Many of the regulations that the Virginia clinics are challenging have been on the books for decades. The physician-only rule dates back to 1975, as does the rule that second-trimester abortions be performed in a hospital, which the plaintiffs are also challenging.
They’re also hoping Hudson knocks down requirements that patients must make two trips to an abortion facility: one to get an ultrasound and the second to receive the actual procedure. The lawsuit claims the two-trip law forces patients “to jump through needless hoops, without any corresponding benefit.”
The defense
Attorney General Mark Herring argued on the side of Whole Woman’s Health, joining an amicus brief that said the regulations pose an “undue burden” on women seeking abortion care.

And in his office’s motion to dismiss the Virginia lawsuit, Deputy Solicitor General Matthew McGuire acknowledged that the Supreme Court “has repeatedly recognized and reaffirmed a woman’s constitutional right to obtain an abortion,” and that the “plaintiffs make powerful arguments” about some of the regulations.
“But a federal courtroom,” the motion continues, “is not the proper venue for debating the wisdom of these policies.”
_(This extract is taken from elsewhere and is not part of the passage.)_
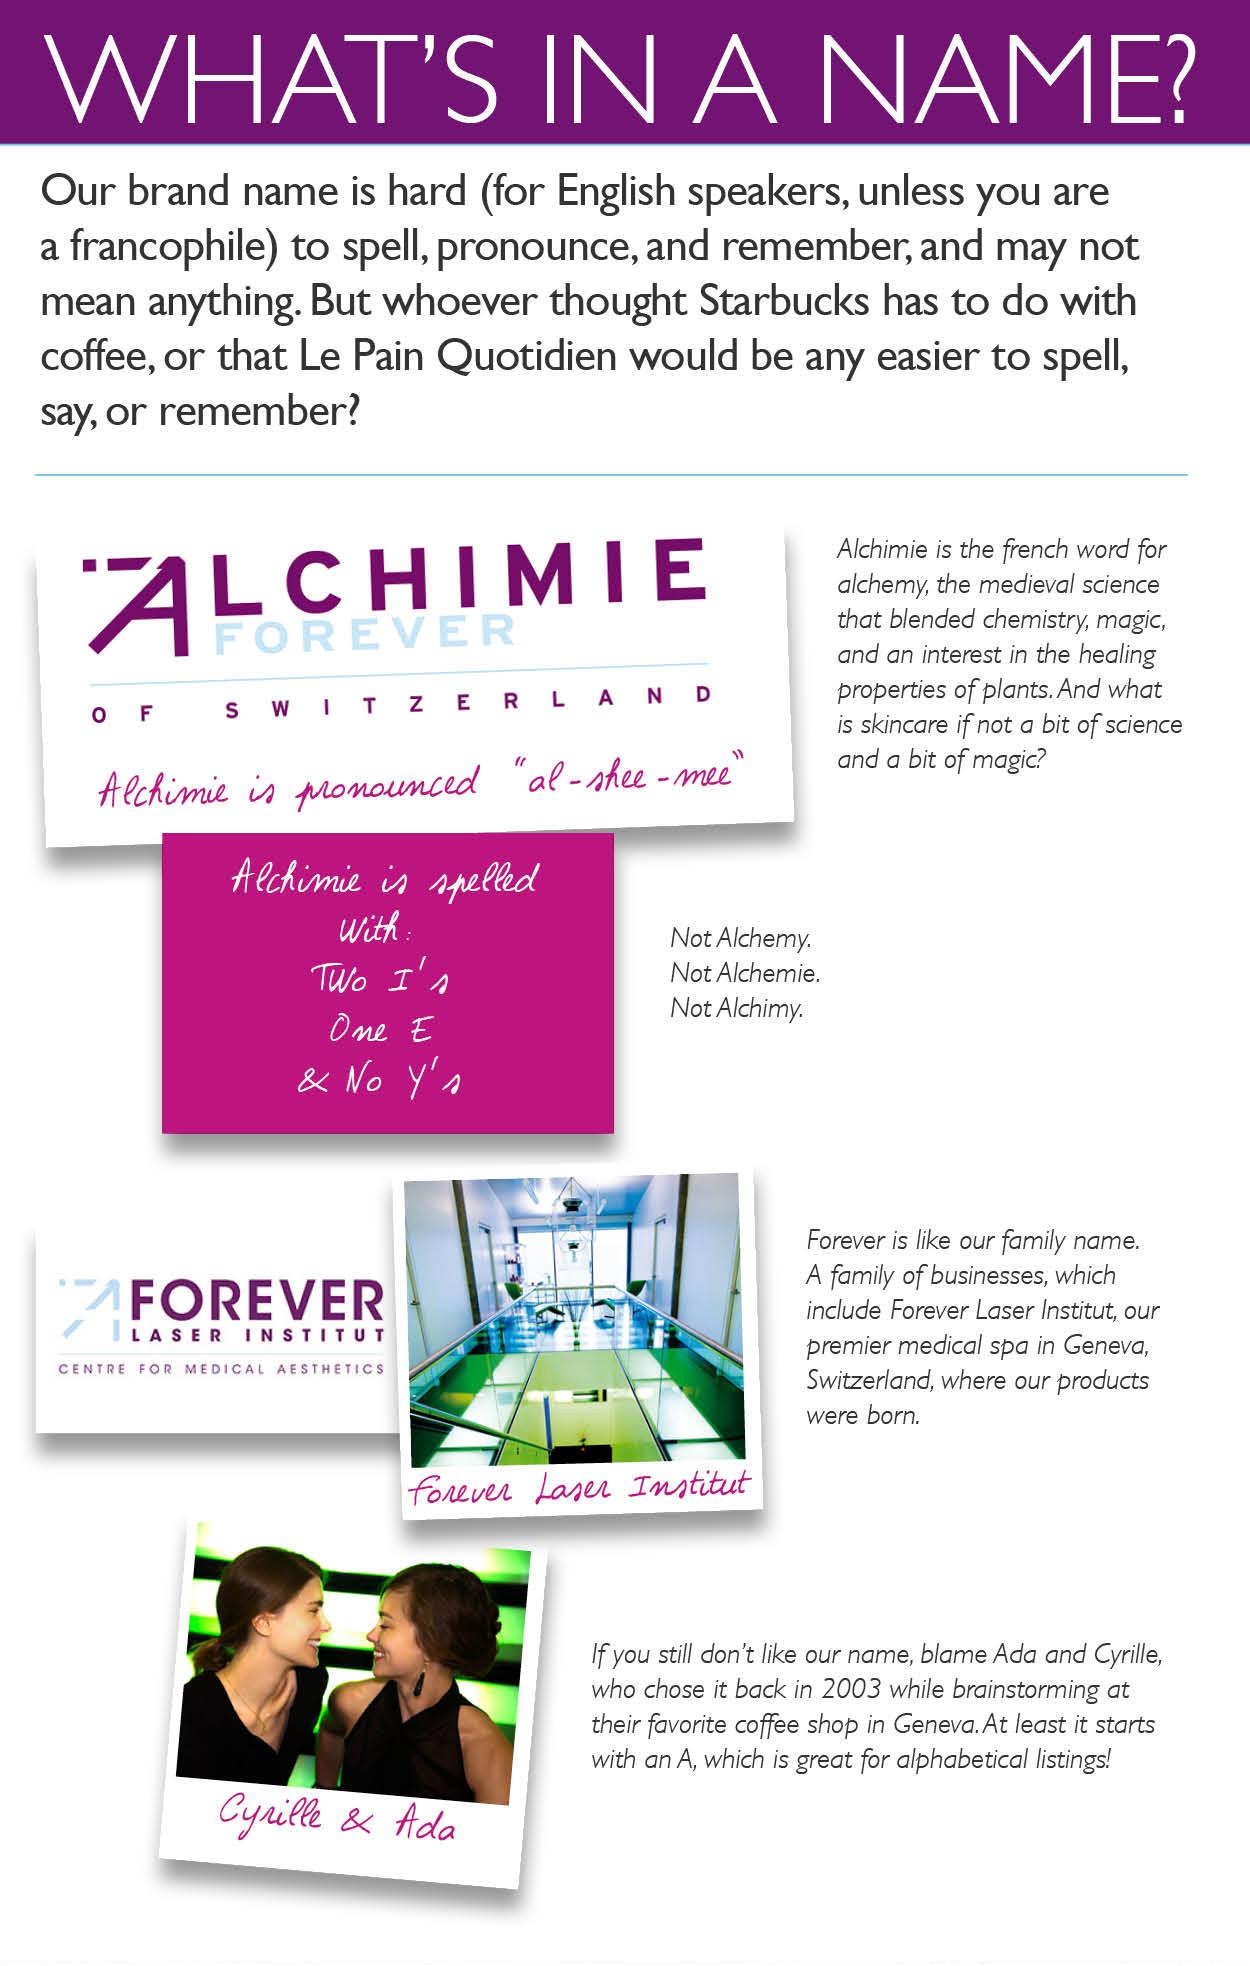 Alchimie name

Herring’s office declined to comment for this story, and lawyers with Hirschler Fleischer, the law firm serving as outside counsel, did not return requests for comment.
There are moments in the case when even the defendants seem to help the plaintiffs’ case. In his decision, Hudson references Virginia Health Commissioner Norman Oliver’s testimony.
Oliver, who was appointed to his role by Democratic Gov. Ralph Northam, said he thinks the minimum standards for medical facilities that the plaintiffs are challenging “restricts access to abortion care… I can’t tell you how detrimental it is, but I don’t feel that it’s in the interest of women.”
The Virginia Department of Health declined to comment.
Anti-abortion groups see a lackluster legal effort from Herring.
“When Virginia’s laws don’t have adequate defense because our Attorney General Mark Herring is an abortion enthusiast, long-standing, good public policy gets overturned,” said Victoria Cobb, president of The Family Foundation.
Tarina Keene, executive director of NARAL Pro-Choice Virginia, a policy and advocacy group, says Herring is “doing his job, and the advocates are doing ours.”
Scholl, executive director of Progress Virginia, stressed that the laws being challenged predate Virginia’s current administration, which “just happens to be who is in office when the suit was filed.”
“The attorney general has always been a staunch advocate for reproductive rights and health access for people in Virginia,” Scholl said. “It is also his role in that office to defend the state in suits such as these.”
Non-physicians performing abortions
For most clinics that provide abortions, nurse practitioners are there every day as full-time staff. Generally, Keene explained, doctors come in a few times a week to perform abortions because of Virginia’s law.
According to the Guttmacher Institute, a research and policy organization aimed at advancing sexual and reproductive health and rights, 34 states require licensed physicians to provide nonsurgical, medication abortions.
Hudson’s decision, Keene said, “opens the door to increasing that access to a lot of women around the state because nurse practitioners and physician’s assistants will now be able to provide that care, and that will also increase access to abortion and it will lower costs to patients.”
Ramesh, the medical director of the Virginia League for Planned Parenthood, said the organization’s three clinics — one in Richmond and two in Hampton Roads — are usually staffed by nurse practitioners already.
“With this ruling, it means a patient could get an abortion when it’s most convenient for them,” Ramesh said.